Sadly, trees still don’t have standing

By Andrew Herington

As a death sentence it lacked eloquence: “there is no tick in the tree control box in the Heritage Overlay”. But to the LMA these words give it a licence to clear whichever parts of Royal Park they want without the need for a permit.

Day six at the public hearings was spent listening to LMA experts on water, biodiversity and heritage. The recurring pattern was clever legal arguments about the exact implications of their reports.

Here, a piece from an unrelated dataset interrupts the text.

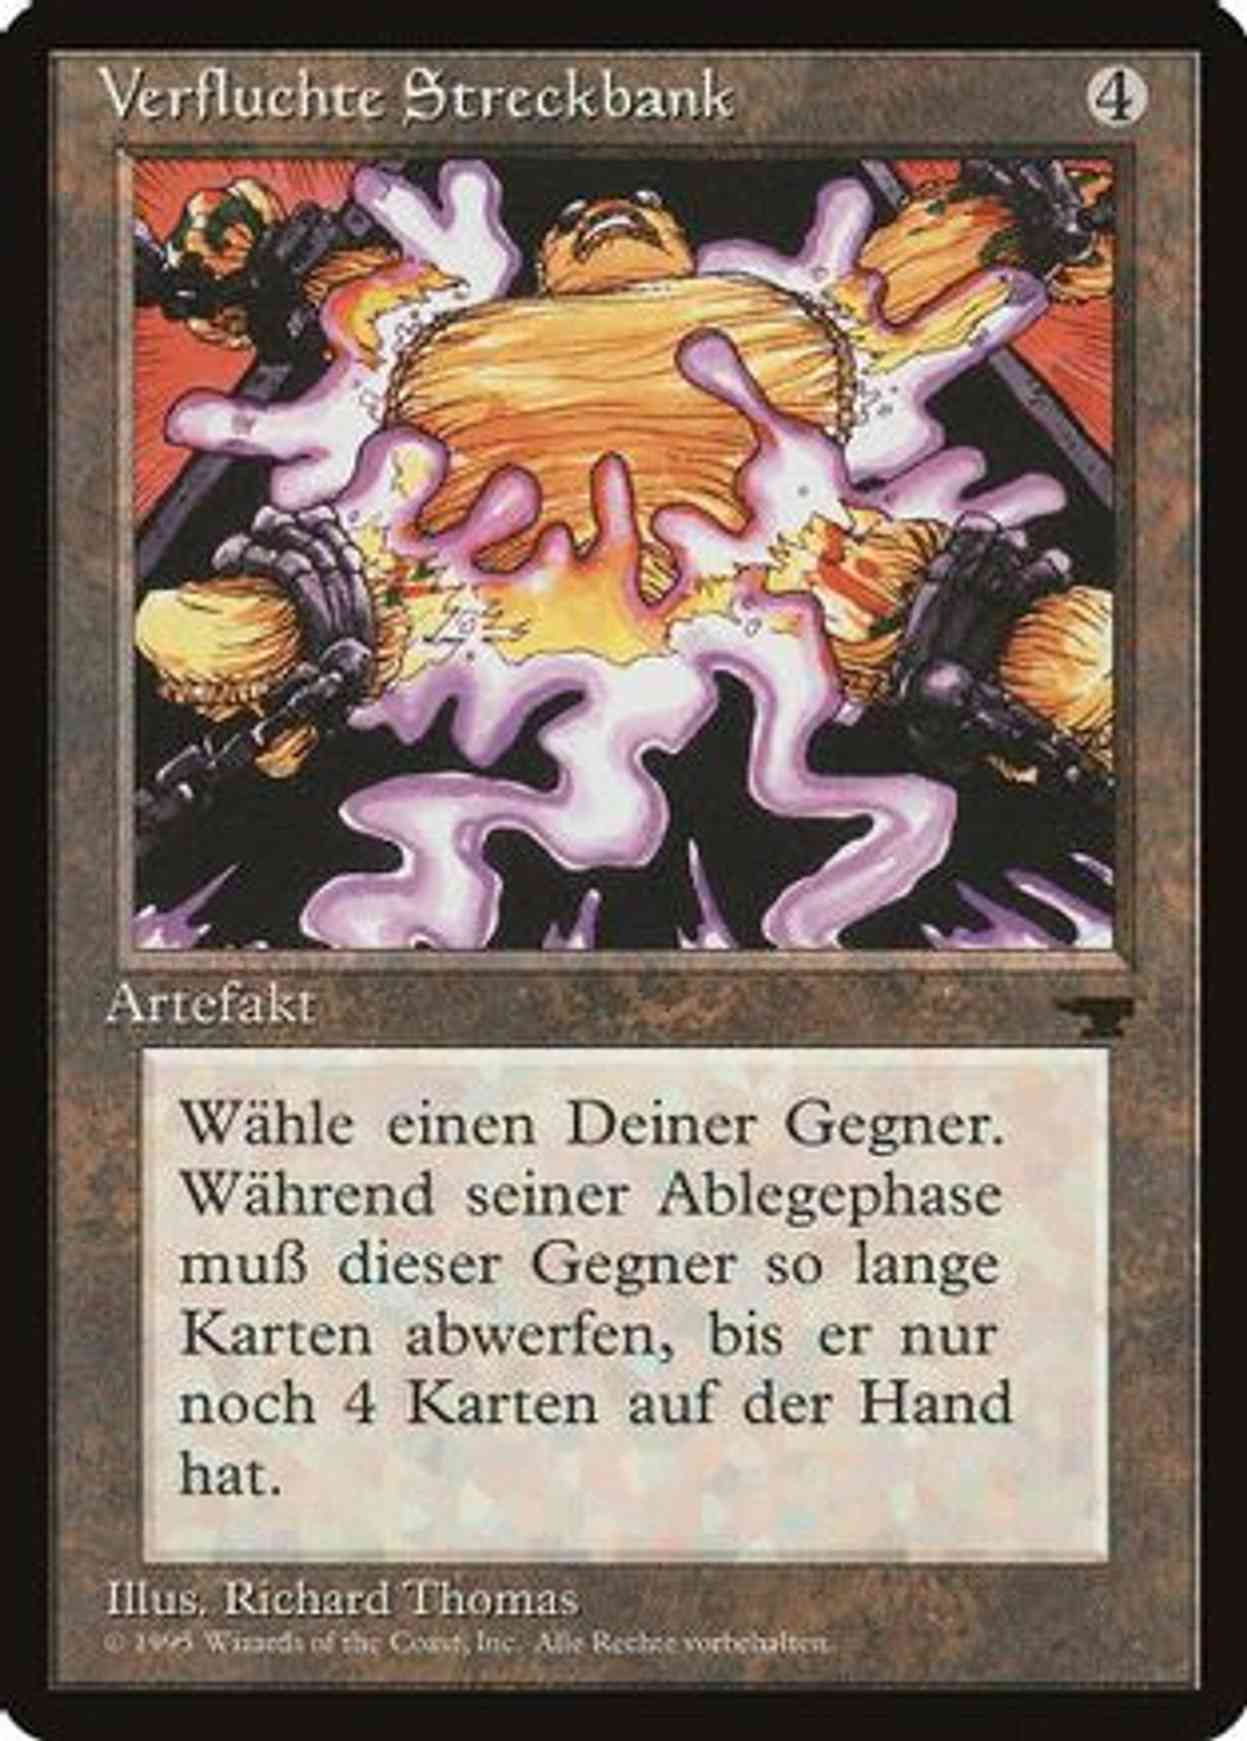 Cursed Rack (German) - "Verfluchte Streckbank" magic card front

First up was a debate over why the State Environment Protection Policy for waterways had been taken out of  the performance requirements; instead run-off into the creeks only has to be ‘no worse’ than what is already there.

Water from the tunnel is to be discharged into the sewer (if the EPA and Melbourne Water permit) rather than treated and recycled as occurs with the Burnley tunnel. “Shouldn’t we be seeking to improve things?” Chris Wren QC asked as he examined the LMA’s opening slide of oily water in a concrete drain under the CityLink viaduct. At least the creek won’t get worse, seemed to be the answer.

The LMA lawyers fought stoutly all day to argue that Heritage Overlays mean a permit is required to knock something down – but it doesn’t apply to trees.

Similarly, native vegetation clearing rules require permits to cut down trees – except if they are “planted” rather than “original”. If the intention was other than creating a “conservation zone” then the trees are fair game and don’t have to be replaced.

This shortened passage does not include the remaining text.